While using it as my main device for email, some browsing, music, Twitter and Facebook, etc., I got almost two full days of normal to slightly heavy usage before having to charge it up. Continuous video playback with a few movies got me about 6 hours. This was all at approximately 70% display brightness. Not bad at all, but it wasn’t all good…
Far from perfect…
Everything seemed to be going fine– the display was super responsive, apps launched right away with no hang time, graphic-intensive games ran smooth, no hiccups with video, camera was a little sketchy but images looked great, and I was really liking the experience. Then, the more I started playing with it, the more I realized the overall experience feels perfect about 70% of the time. Other times it was sticky just launching apps or multitasking between a browser with several tabs open and few other apps. However, it felt like Honeycomb’s problem, as I didn’t have any real issues with the display’s responsiveness when playing games or anything else that I could easily reproduce.

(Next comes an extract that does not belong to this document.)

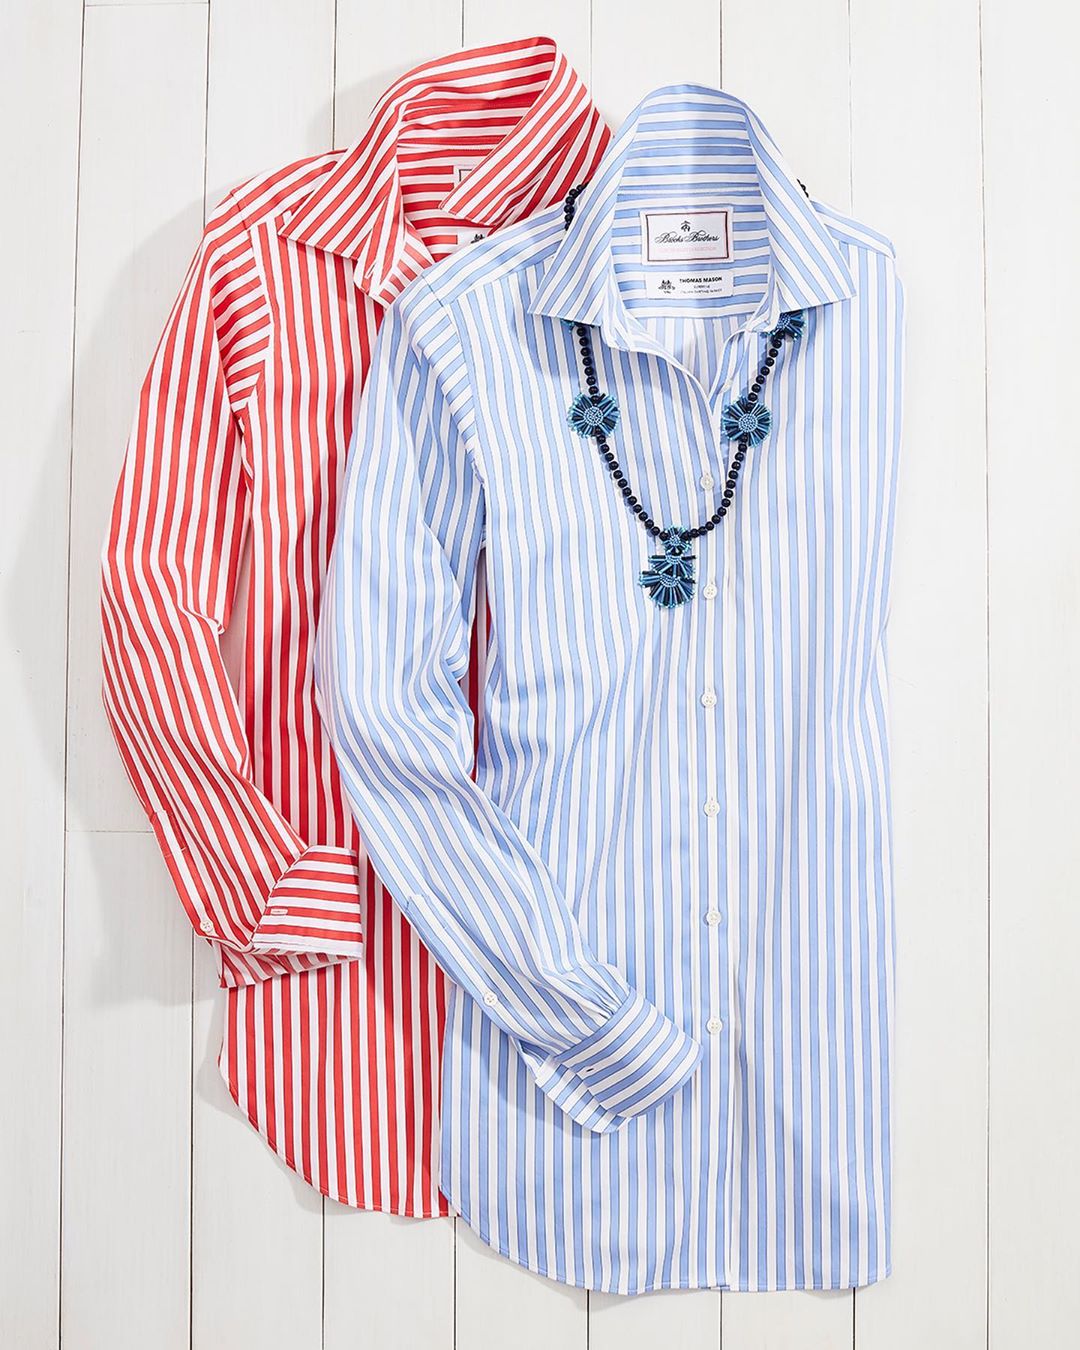 True story: in the early days of the pandemic, a loyal #BrooksBrothers customer wore the same short-sleeve button down f…

On two occasions I had the browser freeze right up when at 30% battery life and below (with only a few tabs open and one or two other apps running). I noticed the whole machine got extremely sluggish when at 30% or lower battery life, which might be expected for some apps, but I didn’t expect the device to become inoperable just because it was getting low on juice. One time after crashing, a reboot wouldn’t do the trick, and it didn’t want to take a charge. It eventually came back to life after the several reboots. Hopefully these are issues with the unit I had, but it’s something I’d investigate further before recommending the device.
If a 9+ inch tablet feels a little too clunky to carry around, the Galaxy Tab 7.0 Plus is probably the best 7-inch tablet, but at $399, I’d feel more comfortable recommending it at $50-$100 cheaper. It simply doesn’t feel like a $400+ device. With the 10.1 model at $499 (same as the iPad 2), a 7-inch iPad starting at $399 would more than likely make this device obsolete anyway. Samsung’s own upcoming Galaxy Tab 7.7 will probably do the same. That being said, it’s still easily the best 7-inch Android tablet on the market right now, and the majority of its issues are present in its larger Android counterparts as well. If a 9+ inch tablet is out of the question, and you don’t want to wait to see what the new year brings us, this is your best bet.